Learning to cook for an epicurean

“The flesh receives as unlimited the limits of pleasure; and to provide it requires unlimited time. But the mind, intellectually grasping what the end and limit of the flesh is, and banishing the terrors of the future, procures a complete and perfect life, and we have no longer any need of unlimited time. Nevertheless the mind does not shun pleasure, and even when circumstances make death imminent, the mind does not lack enjoyment of the best life.”

— Epicurus, Principle Doctrines—

I was confused when I first heard the term “epicurean” used to describe someone who pursues sensual pleasures (especially with respect to food). There is the common misconcenption that the ancient Epicureans, since they believed that pleasure is the chief Good, advocated pursuing pleasure without limitation. Epicurus actually considered freedom from fear and pain as the optimum state. This required the individual to exercise prudence and restraint, because enjoying too much of a good thing can decrease satisfaction and increase desire. So how come the name of a philosophical doctrine that preaches moderation and condemns excess is used to describe those who love gourmet food? But before I offer my thoughts on this, I’ll first talk about my new hobby.

I’ve always been curious about cooking from a distance; on cooking shows, I would admire chefs like Gordon Ramsay and Ming Tsai artfully construct a dish whose appearance would be enough to make my mouth water. And naturally, I’m fan of good food, everything from those perfectly cooked Five Guys burgers to the amazingly authentic food of Sichuan Gourmet.

Only recently though, have I resolved to learn how to cook, how to really cook, adding it to my lifelong TODO list. Why now? I think partly it’s because during the semester I very quickly get bored of eating college food. It’s not that the food tastes bad (Yale serves great college food except for that nasty cauliflower overcooked to a paste that Berkeley sometimes makes), but that it tastes boring. After a few weeks everything tastes familiar, and not in the good homey way. It tastes familiar in the I’m-tired-of-this-same-old-shit sort of way.

Another reason is my lifelong obsession with Sichuan gourmet. Sichuan is a region in China famous for it’s ridiculously spicy-hot, flavor-packed dishes. I haven’t experienced any other type of food that matches Sichuan cuisine in terms of sheer flavor and uniqueness of taste. No other food can make me down so much rice in one meal.

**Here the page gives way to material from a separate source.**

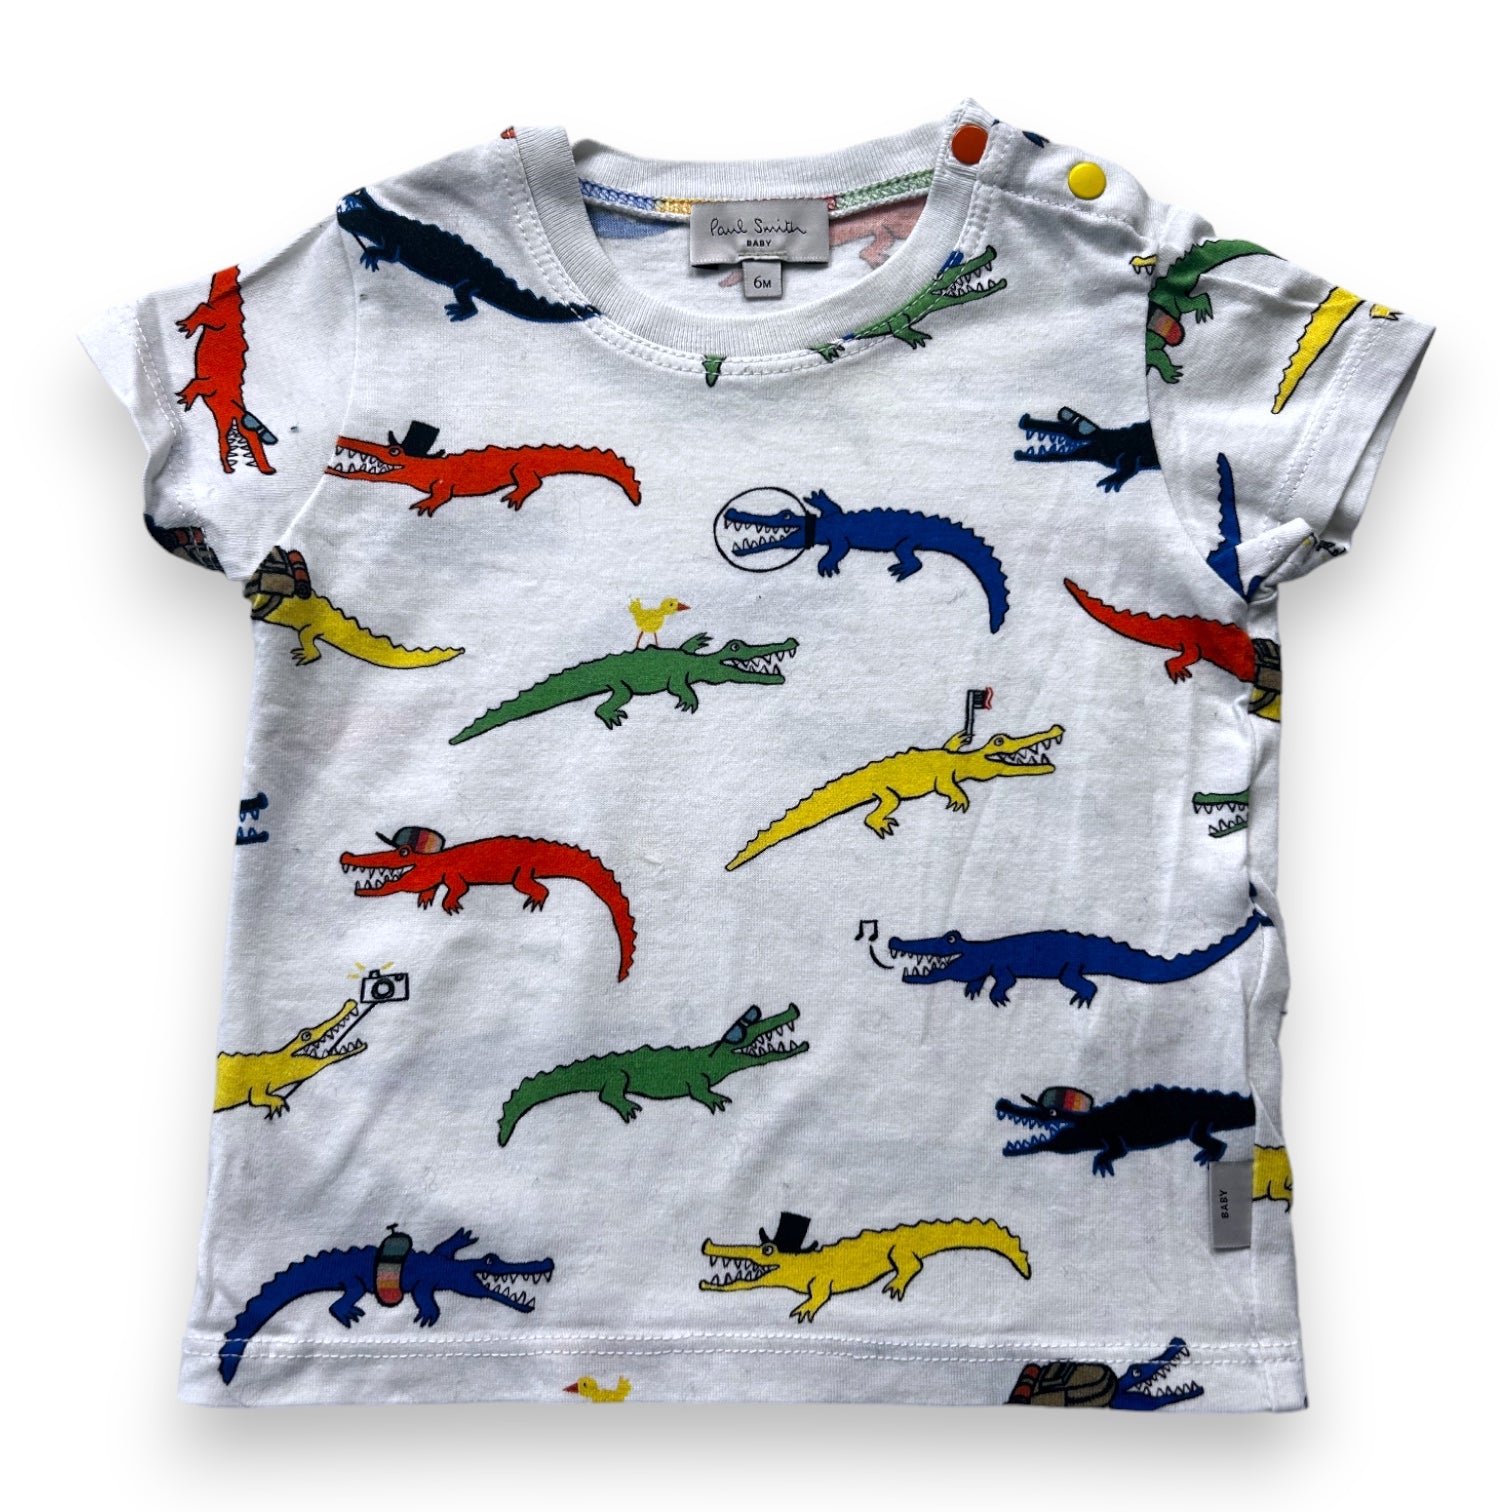 PAUL SMITH - t-shirt blanc imprimé dinosaure - 6 mois

Also, in the past year I’ve been going out to restaurants more often, sometimes to upscale places. I find myself having stronger, more polarized opinions about the food. Sometimes I will be so impressed with the food that I won’t be able to stop thinking about it, like having a song get stuck in your head. Sometimes I’ll be so severely disappointed with the food that I’ll publicly swear never to go to that restaurant again.

This summer I will try my inexperienced hand at the world’s various cuisines, starting with the dishes that I love. Every so often I’ll write about my successes, my failures, and what I’ve learned about the nature of taste. I’m determined to learn all the basic cooking techniques (sauteing, baking, boiling, etc), how to wield a knife, and how to use different ingredients. Hopefully I will also learn a thing or two about enjoying food that is prepared with such great care.

Viewed in this way, the Epicurean label isn’t as paradoxical as I originally thought. Fully appreciating food for its excellence isn’t as easy or instinctive as I thought. Perhaps the Epicurean would say that thoughtfully enjoying the gastronomic goodness of food is far more in the Epicurean spirit than simply gobbling it down to satiate hunger.

Eating can be as much an art as cooking, and cooking, I imagine, enlightens one to this art.